You should see the new path (e.g./mnt/new-disk/docker
)。
Method 3: Mount the new disk directly to the/var/lib/docker
If you want to use the new disk directly as a/var/lib/docker
mount point, you can use the following methods
Formatting a new disk
Assuming the new disk is/dev/sdb1
If the file system is formatted and created first (e.g., theext4
):
sudo mkfs.ext4 /dev/sdb1
Mounting a new disk
Mount the new disk to the/var/lib/docker
:
sudo mount /dev/sdb1 /var/lib/docker
Migration of existing data
in the event that/var/lib/docker
There is already data in the directory that needs to be copied to the new disk first:
sudo rsync -a /var/lib/docker/ /mnt/new-disk/
Then mount the new disk back/var/lib/docker
。
modifications/etc/fstab
Ensure power-on auto-mount
compiler/etc/fstab
file, add a line for the mount configuration:
/dev/sdb1 /var/lib/docker ext4 defaults 0 2
caveat
-
Data migration risks: In relocation or reconstruction
/var/lib/docker
Be sure to back up important data (e.g., persistent volume data). -
Permission issues: Make sure the permissions of the new directory are the same as the original directory:
sudo chown -R root:root /mnt/new-disk/docker
-
Checking the mount point: Ensure that the new disk is mounted successfully and set up automatic mounting to avoid path loss after system reboot.
With the above method, it is possible to successfully place the/var/lib/docker
Mount to other disks to relieve storage pressure and optimize storage layout.
Rebuild /var/lib/docker
If you still run out of space after cleaning up, you can rebuild Docker's storage directory (which will remove all containers, images, and data)
Stop the Docker service:
sudo systemctl stop docker
Backup existing Docker data (optional):
sudo mv /var/lib/docker /var/lib/
Create a new empty directory:
sudo mkdir /var/lib/docker
Start the Docker service:
sudo systemctl start docker
summarize
During this troubleshooting of the Linux server hard drive space disappearance problem, I experienced a complete storage analysis and optimization hands-on.
Key Steps Summarized:
-
Initial troubleshooting of storage occupancy
- utilization
du
respond in singingncdu
and other tools to quickly locate directories that take up a lot of space. - discoveries
/var/lib/docker
Catalogs take up a lot of storage space.
- utilization
-
In-depth positioning of specific issues
- Finding the path to the specific container log file and confirming which container is generating a large number of logs by its container ID.
- utilization
docker inspect
respond in singingdocker logs
, further analyze the contents of the log.
-
sort
- Emptied the oversized container log file by
truncate
Command to release the space immediately. - Modify the Docker configuration file (
) limits the size of the log file to avoid similar problems from happening again.

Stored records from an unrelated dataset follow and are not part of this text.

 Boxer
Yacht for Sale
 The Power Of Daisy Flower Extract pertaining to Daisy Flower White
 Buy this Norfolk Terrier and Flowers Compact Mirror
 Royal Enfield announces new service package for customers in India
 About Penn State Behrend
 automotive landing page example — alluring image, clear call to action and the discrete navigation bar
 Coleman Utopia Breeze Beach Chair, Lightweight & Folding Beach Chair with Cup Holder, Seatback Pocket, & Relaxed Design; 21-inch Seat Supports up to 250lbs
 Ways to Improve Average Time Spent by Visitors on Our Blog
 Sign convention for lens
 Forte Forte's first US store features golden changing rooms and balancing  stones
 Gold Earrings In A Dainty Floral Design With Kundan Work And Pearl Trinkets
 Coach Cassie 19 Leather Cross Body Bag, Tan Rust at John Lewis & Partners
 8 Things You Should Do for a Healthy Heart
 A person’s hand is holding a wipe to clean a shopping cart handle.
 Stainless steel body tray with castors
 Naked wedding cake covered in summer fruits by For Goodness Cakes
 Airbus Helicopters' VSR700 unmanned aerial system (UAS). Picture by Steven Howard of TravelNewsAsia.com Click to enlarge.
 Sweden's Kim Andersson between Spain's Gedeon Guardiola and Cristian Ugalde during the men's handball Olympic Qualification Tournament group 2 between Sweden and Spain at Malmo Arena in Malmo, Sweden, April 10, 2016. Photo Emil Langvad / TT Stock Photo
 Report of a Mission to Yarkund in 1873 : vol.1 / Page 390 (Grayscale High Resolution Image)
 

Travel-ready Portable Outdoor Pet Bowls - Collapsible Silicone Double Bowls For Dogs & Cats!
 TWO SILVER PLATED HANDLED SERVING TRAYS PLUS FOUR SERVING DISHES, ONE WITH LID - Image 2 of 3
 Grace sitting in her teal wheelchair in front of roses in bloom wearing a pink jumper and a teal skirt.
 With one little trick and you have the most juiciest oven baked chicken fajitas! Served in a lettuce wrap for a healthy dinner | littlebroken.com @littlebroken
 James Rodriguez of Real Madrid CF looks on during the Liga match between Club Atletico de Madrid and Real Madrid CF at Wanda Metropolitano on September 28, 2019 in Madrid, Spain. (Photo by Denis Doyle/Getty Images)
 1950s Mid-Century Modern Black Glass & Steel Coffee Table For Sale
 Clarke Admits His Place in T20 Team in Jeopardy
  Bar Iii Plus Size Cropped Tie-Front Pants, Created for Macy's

- Emptied the oversized container log file by
-
Validation and Optimization
- A restart of the Docker service verified that the service is working properly.
- utilization
docker system prune
Cleaned up useless resources and planned log management strategy.
Personal Takeaways and Reflections:
This problem solving has impressed upon me the following:
- Importance of system monitoring: Timely monitoring of storage usage can prevent problems from escalating.
- Log Management Best Practices: Excessive growth of log files is a common cause of storage occupancy, and reasonable log size limits must be set.
-
Efficient use of tools:
du
、ncdu
and tools such as Docker commands have greatly improved efficiency in troubleshooting problems. - Routine Maintenance Habits: Periodic cleanup of useless container resources (e.g., stopped containers, unused images) keeps the system running healthy.
This practice not only solved the disk space problem, but also gave me a deeper understanding of Linux system management and Docker operation and maintenance. In my future operation and maintenance work, I will pay more attention to system monitoring and optimization to prevent similar problems in advance.